Ярый борец за выживание нации, вооружённый резиновыми кольцами, не называл Лорда Давлиша Биллом, но, тем не менее, обращался к нему весьма фамильярно. Видя, что его светлость не спешит сфокусировать на нём свой взгляд (учитывая протяжённость Шефтсбери-авеню, нельзя было так сходу решить проблему, как ударить по мячу, чтобы он пролетел такое большое расстояние), бродяга поведал свою семейную тайну ещё раз. Лорд Давлиш отрешённо посмотрел на него.

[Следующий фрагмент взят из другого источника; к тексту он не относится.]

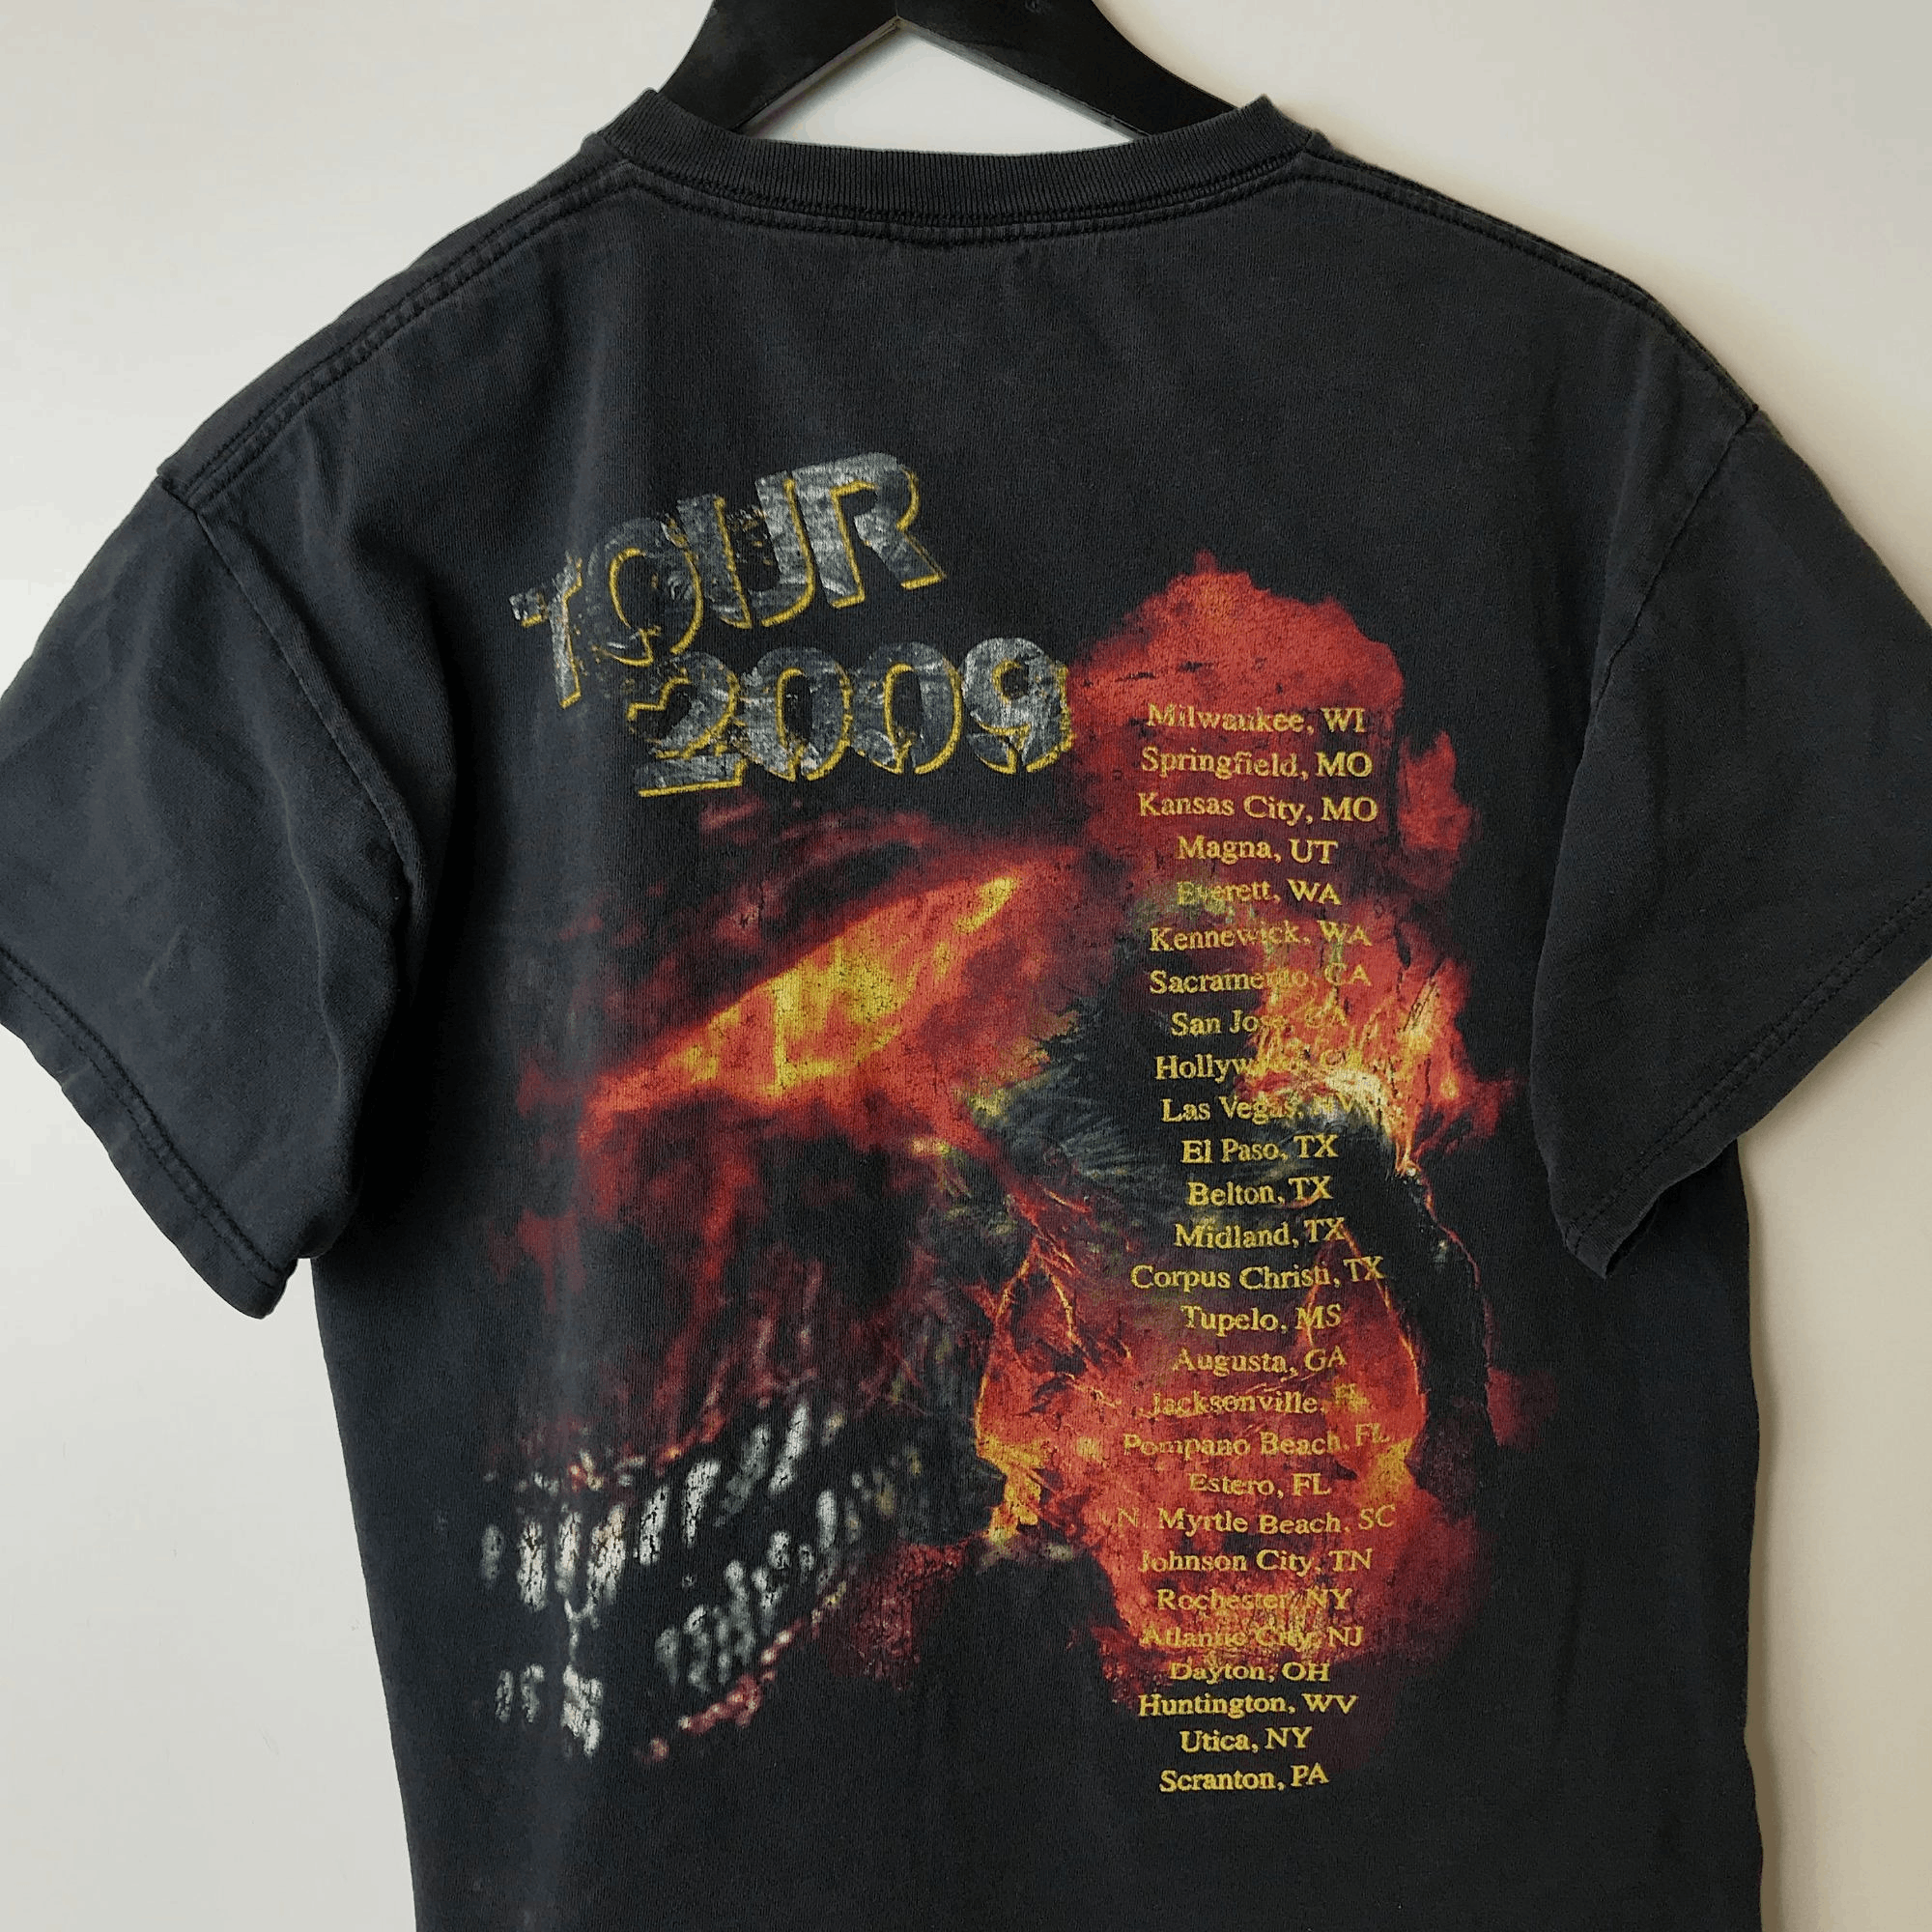 Delta 2009 Vintage Disturbed Indestructible Tour T Shirt 00s Adult Size US S / EU 44-46 / 1 - 6 Thumbnail

- Нет, не получится, - произнёс он, - но вы похоже считаете, что надо попытаться.… Простите, вы, кажется, что-то сказали?
Его собеседник огласил своё сообщение в третий раз. Неоднократное повторение привело к тому, что он сам уже верил в то, что говорил, и голос его звучал весьма проникновенно.
- Четверо голодающих детей?
- Четверо, папаша, не дайте погибнуть.
- Да у вас, похоже, совсем не остаётся времени на гольф, – посочувствовал Лорд Давлиш.
Скорбно надувая петуха, потёртый субъект произнес: - Мои дети вот уже три дня не ели хлеба.
Последнее сообщение не очень-то тронуло Лорда Давлиша. Он не был большим поклонником хлеба, но, как говорят, о вкусах не спорят, и, видя, что бедняга с запонками похоже всерьёз расстроен, он поспешил выразить своё соболезнование.
- Да, конечно, если они так любят хлеб, то всё это ужасно. Что будете делать?
- Купите петуха, папаша, – посоветовал бродяга, - презабавная вещица, получите массу удовольствия.
Лорд Давлиш посмотрел на странную птицу без всякого энтузиазма.
- Нет, – отказался он, слегка колеблясь.
Повисло неловкое молчание. Ситуация казалось, зашла в тупик.
- Вот что я скажу, - произнёс Лорд Давлиш с видом человека, которого в результате размышлений осенила великолепная идея: - Дело в том, что я ничего не хочу покупать, к несчастью вы запаслись такими вещами, которые мне и в могиле не нужны. Я не выношу резиновых колец, никогда не выносил. Меня совершенно не интересуют крючки для башмаков. И простите, если это оскорбляет ваши чувства, но более гнусной вещи, чем эта ваша писклявая птица я отродясь не видел. И так, я даю вам шиллинг, и будем считать, что дело улажено, по рукам?
- Благодарствую, папаша.
- Не за что. Вы сможете купить своим детям хлеба, думаю на шиллинг можно купить много буханок. Неужели они так любят мучное? Странные ребятишки.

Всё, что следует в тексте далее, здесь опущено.